Total amateur hour, Janice grumbles to me. The only good thing, she says later, is that he finally steps down from the microphones before the volleys of questions about that morning’s still unconfirmed news, which is that Eduardo Fermin was renting his own apartment in Manhattan. Otherwise, she adds, it might have been official, a complete meltdown. But they shout after him anyway as he makes his way out: how did a volunteer and night student afford $1,000 a month? How come even his parents didn’t know? Who was he, and what was he doing, to have this other life?
In the next staff meeting, Janice gives us the official last word, come directly from John. He knows nothing about it. By my longtime habit and practice I put myself in Kwang’s place, and I know it must be something with the ggeh , his paying of Eduardo, the apartment being a generous gift, what he thought his protégé deserved. I would have offered good Eduardo the same. There is, however, another notion, another idea steadily working itself through my thoughts: that perhaps Eduardo was taking money from John Kwang, stealing from him and his people, the very ones we are working for all day and all night.
I check what I can.
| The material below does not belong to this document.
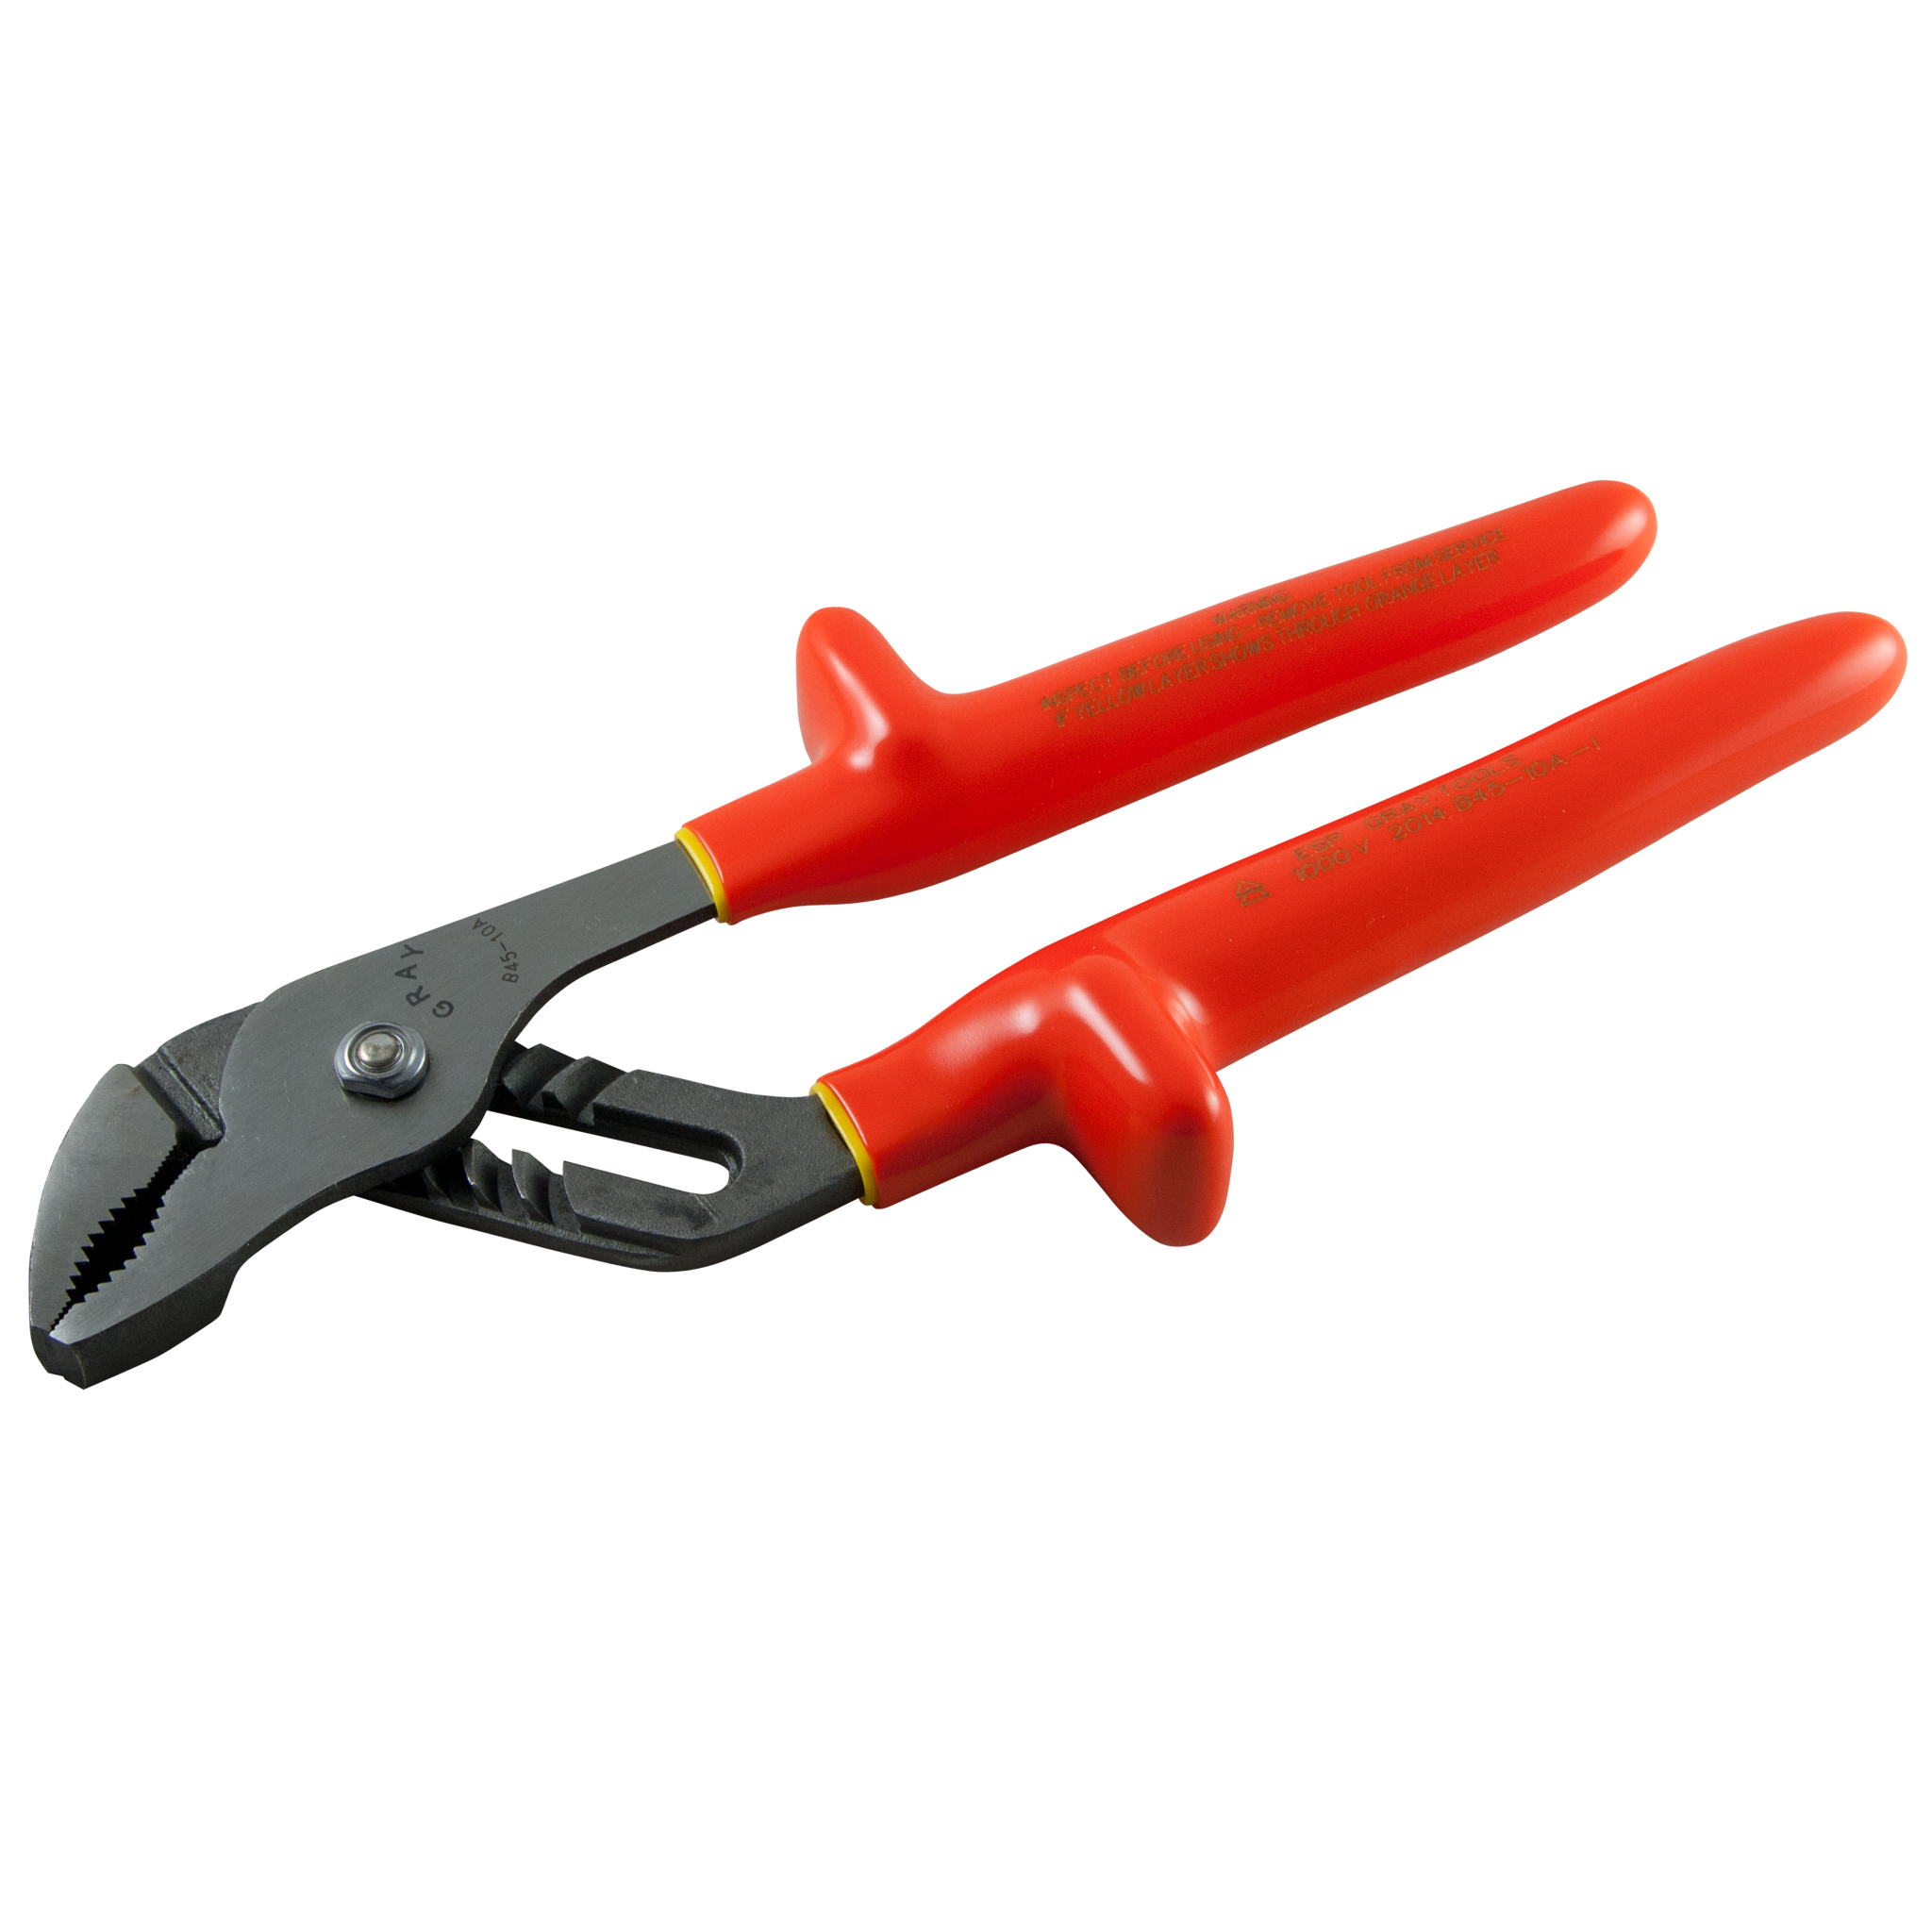 Tongue & Groove Slip Joint Insulated Pliers

I go back over Eduardo’s records of the ggeh , the daily cash flows, every line of the ledgers. I check the rest of our political contributions. Nothing seems to be off, and what I’m beginning to realize is that Eduardo Fermin kept magnificent records and files. All this confounds me even more. I know that if there is complication in every assignment, a shift or turn that can newly show events in either shadow or light, this is the way our world has always been written. You must sail an expectedly treacherous course.
And yet for me, the mystery of a happening has no magic anymore, no natural draw. It is the graver thing I must seek, the dire constant, which I thought at first was simply John Kwang. It is him, too, for certain, but it’s also the condition Jack has suggested. Revelations are not to be found in the far bend of the river, darkly hidden in the trees. There are no ready savages there, and never were. We make angels and devils of our own want and regard, improvising from ourselves along the way.
Though I cannot see that my business has directly brought Kwang to his trouble, I know that Hoagland is now busy recompiling my daily work, preparing it for his secret reader, who will do with it what he wishes. In my weaker moments, I imagine the client as a vastly wealthy voyeur, a decrepit, shut-away xenophobe who keeps a national vigilance on eminent agitators and ethnics. Of course he’s more a collector than anything else, loving the pursuit too much, easily bored. But then I allow myself to see, and I flush with regret. I picture another client, the kind more numerous. I dread him, for he lives in the very mouth of the world; he knows its sweet and its stink, how to read any talk, and he will sift through my troubled affection for John Kwang with the soberest eyes.